## ASSIGNED TASK
Return the lines of the data below starting at the one holding "Buddha Face Line" and ending at the one holding "ICanCaRe-Skill Development", word for word, leaving every picture out.

## MATERIAL FOR THIS EXERCISE
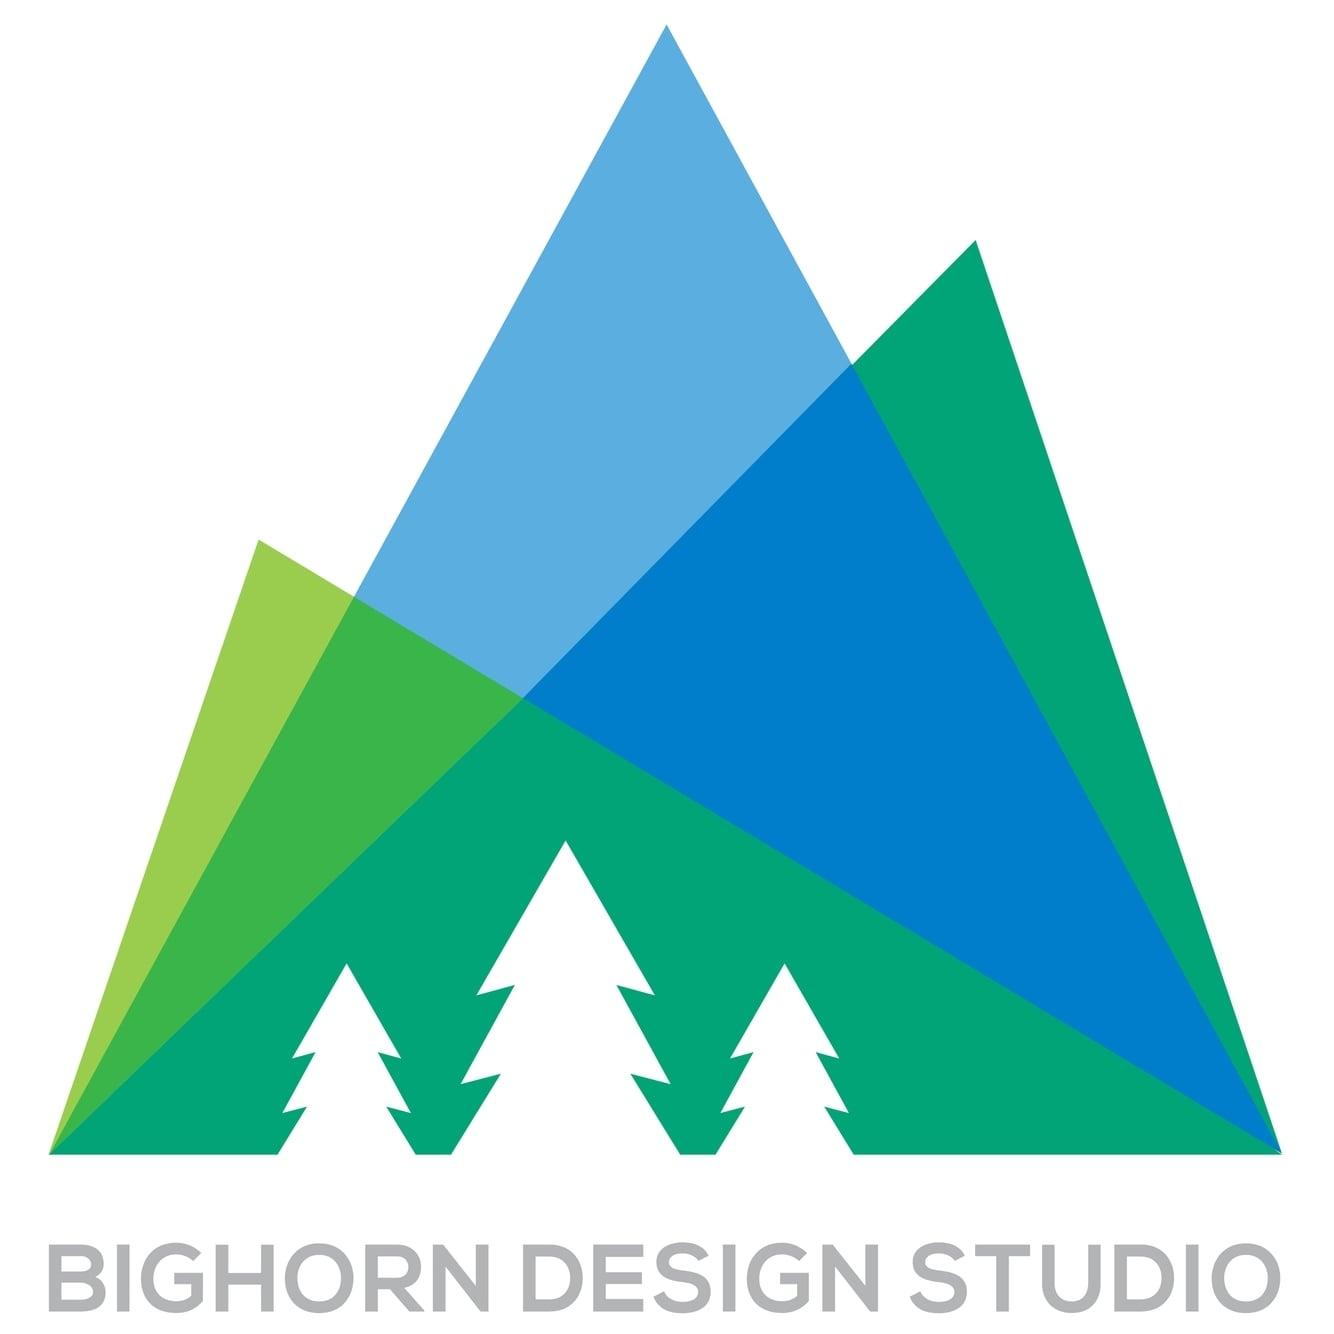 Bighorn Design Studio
---
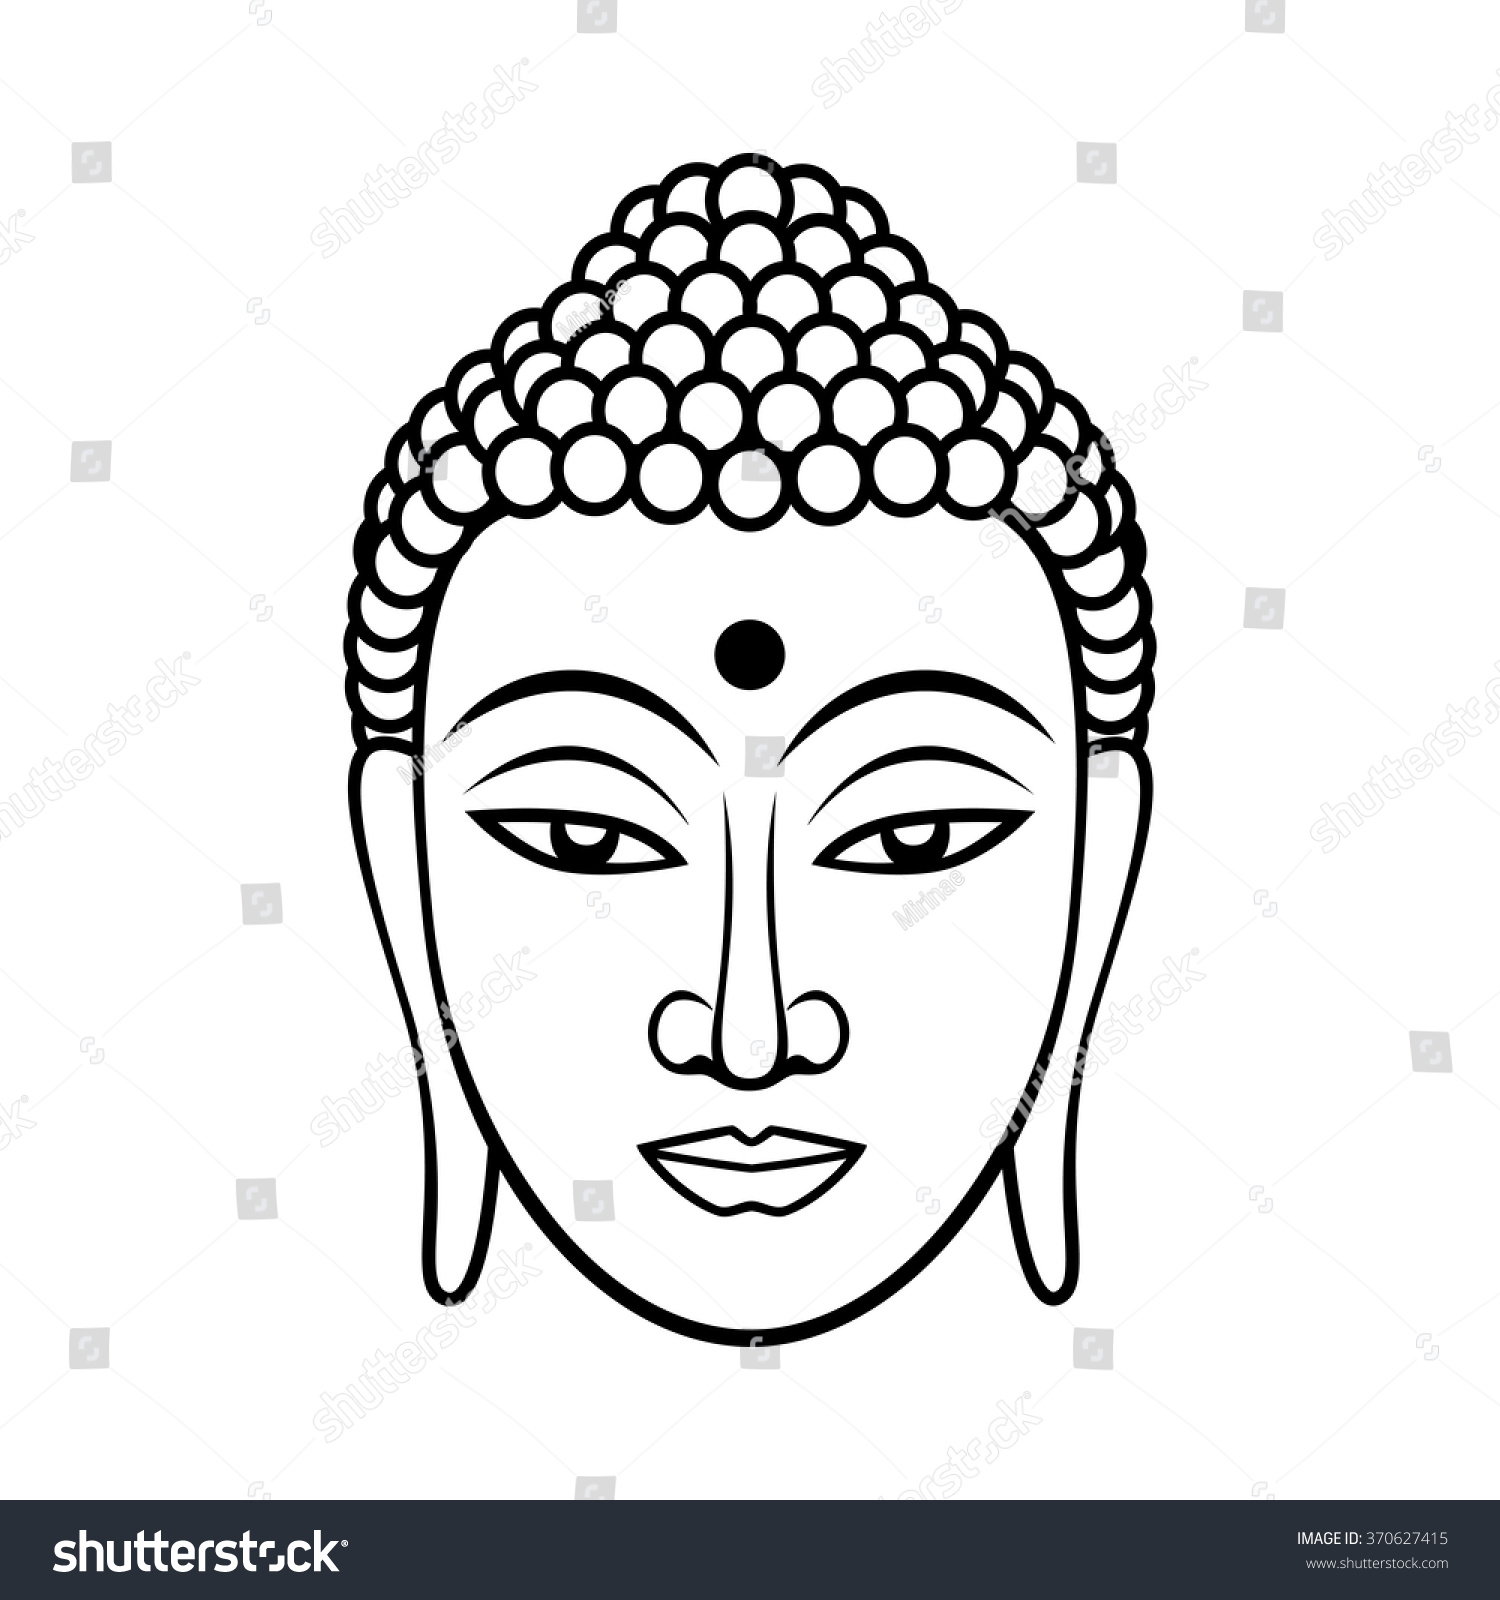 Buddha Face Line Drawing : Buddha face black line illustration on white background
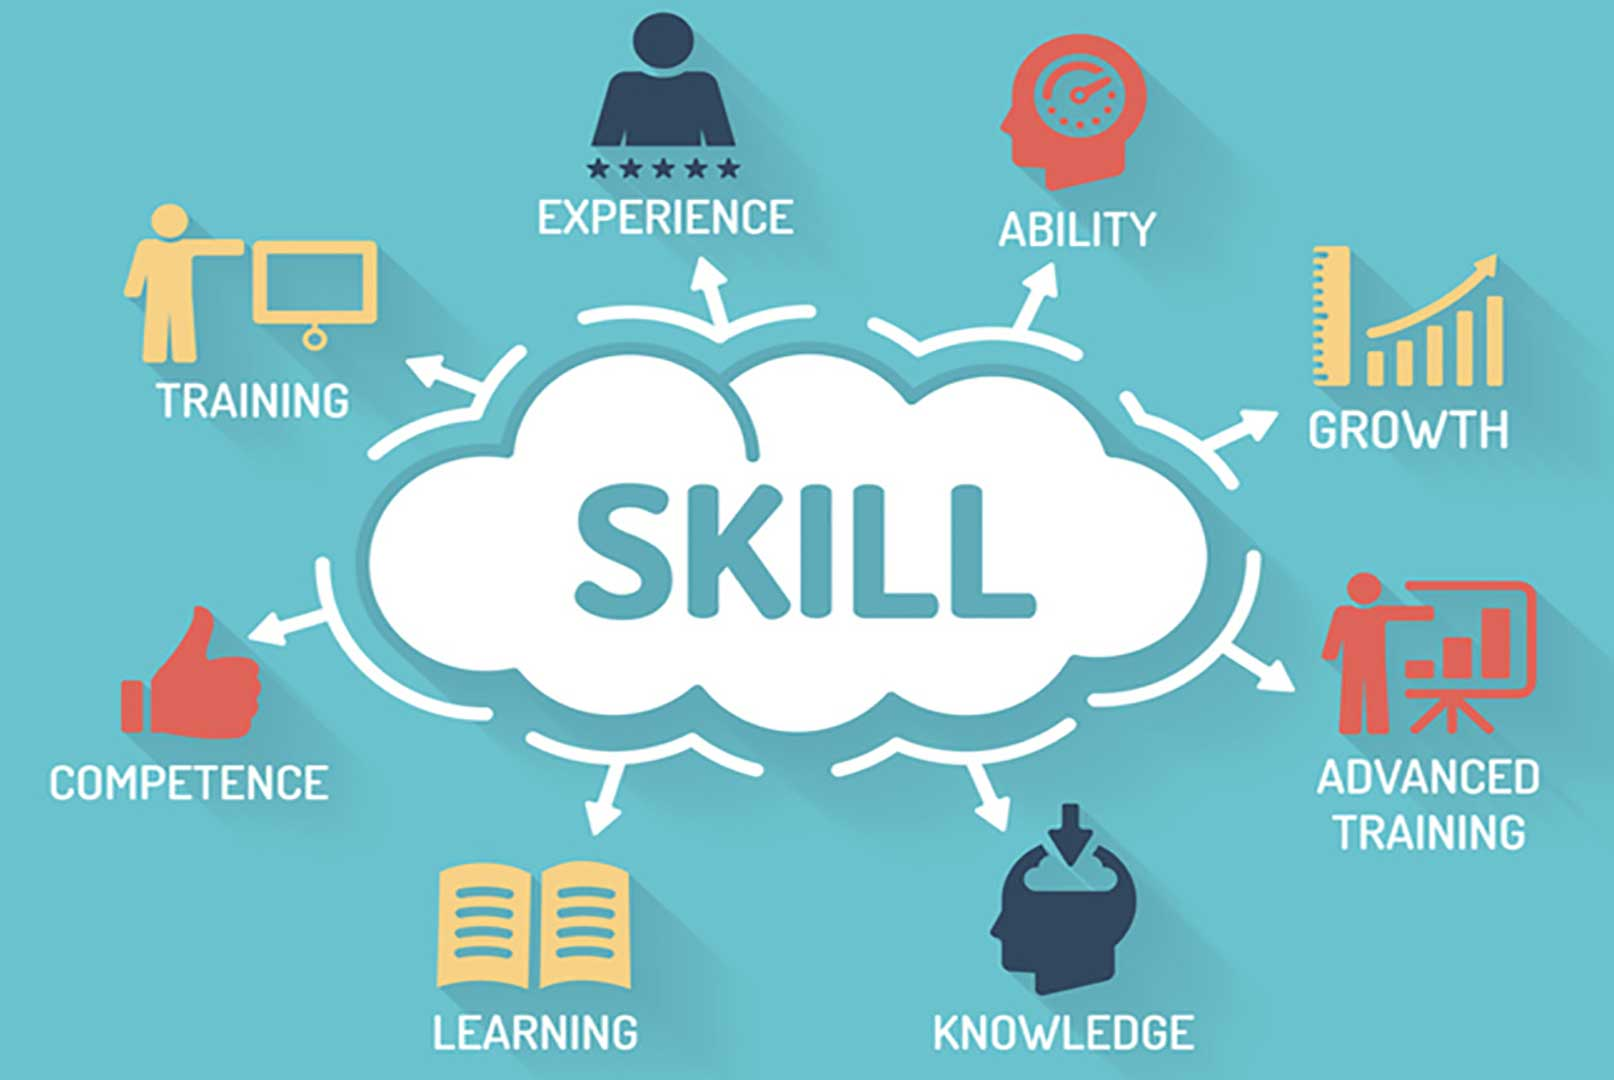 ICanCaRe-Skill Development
...
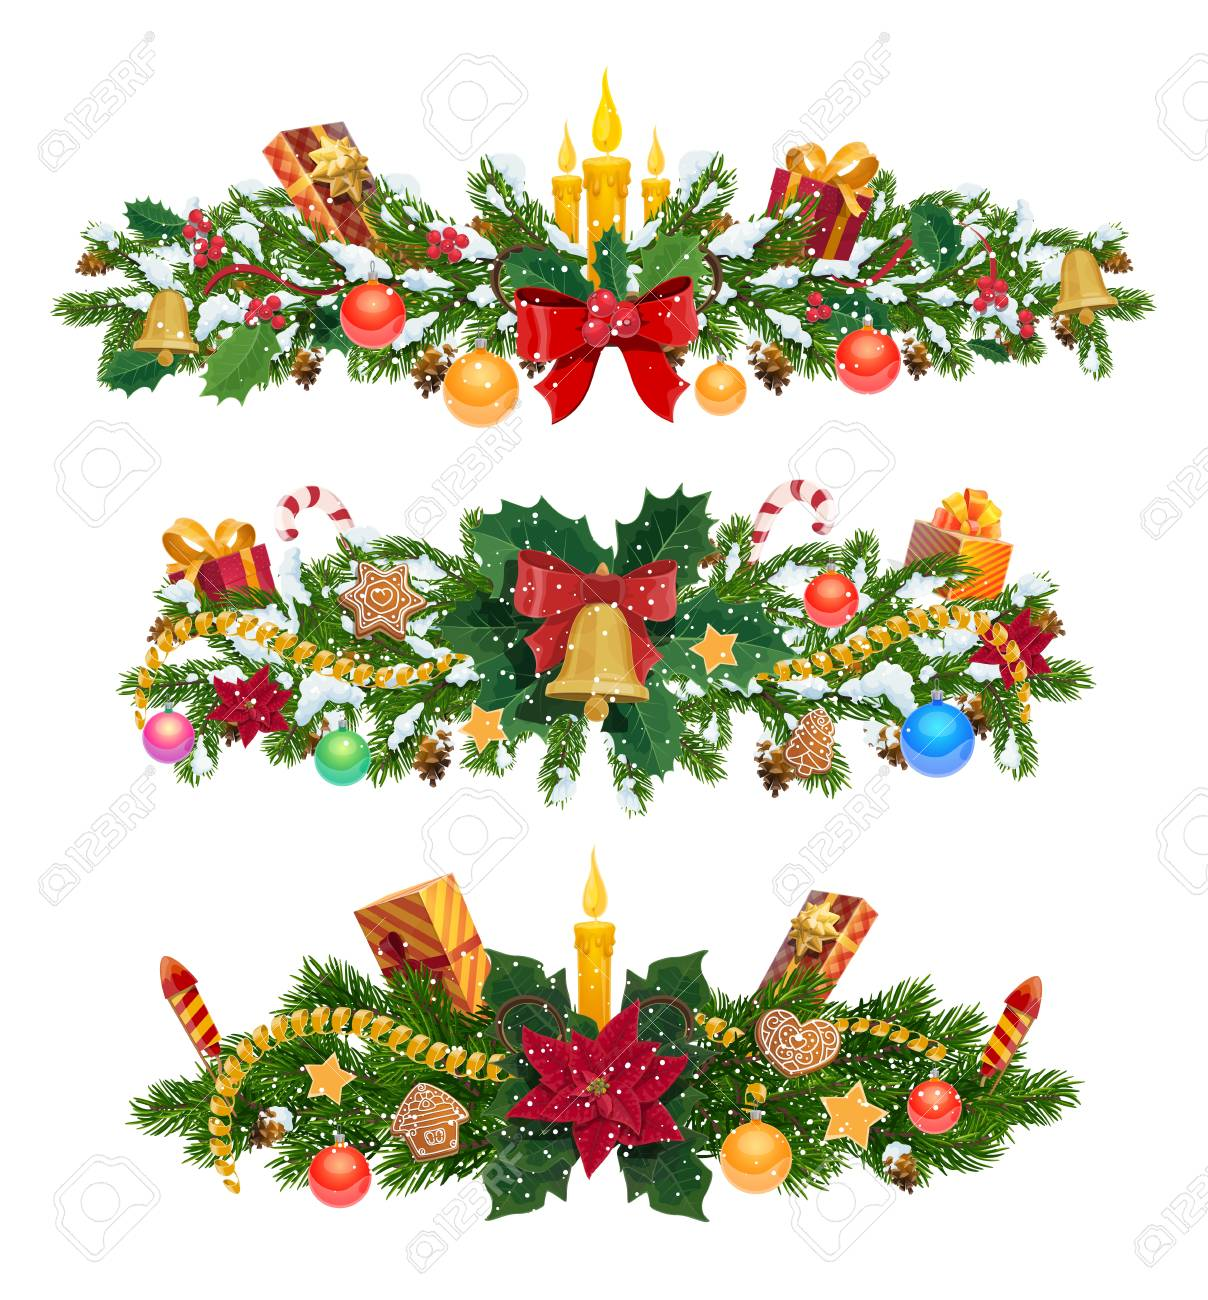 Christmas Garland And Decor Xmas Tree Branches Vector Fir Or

## RESULT
 Buddha Face Line Drawing : Buddha face black line illustration on white background
 ICanCaRe-Skill Development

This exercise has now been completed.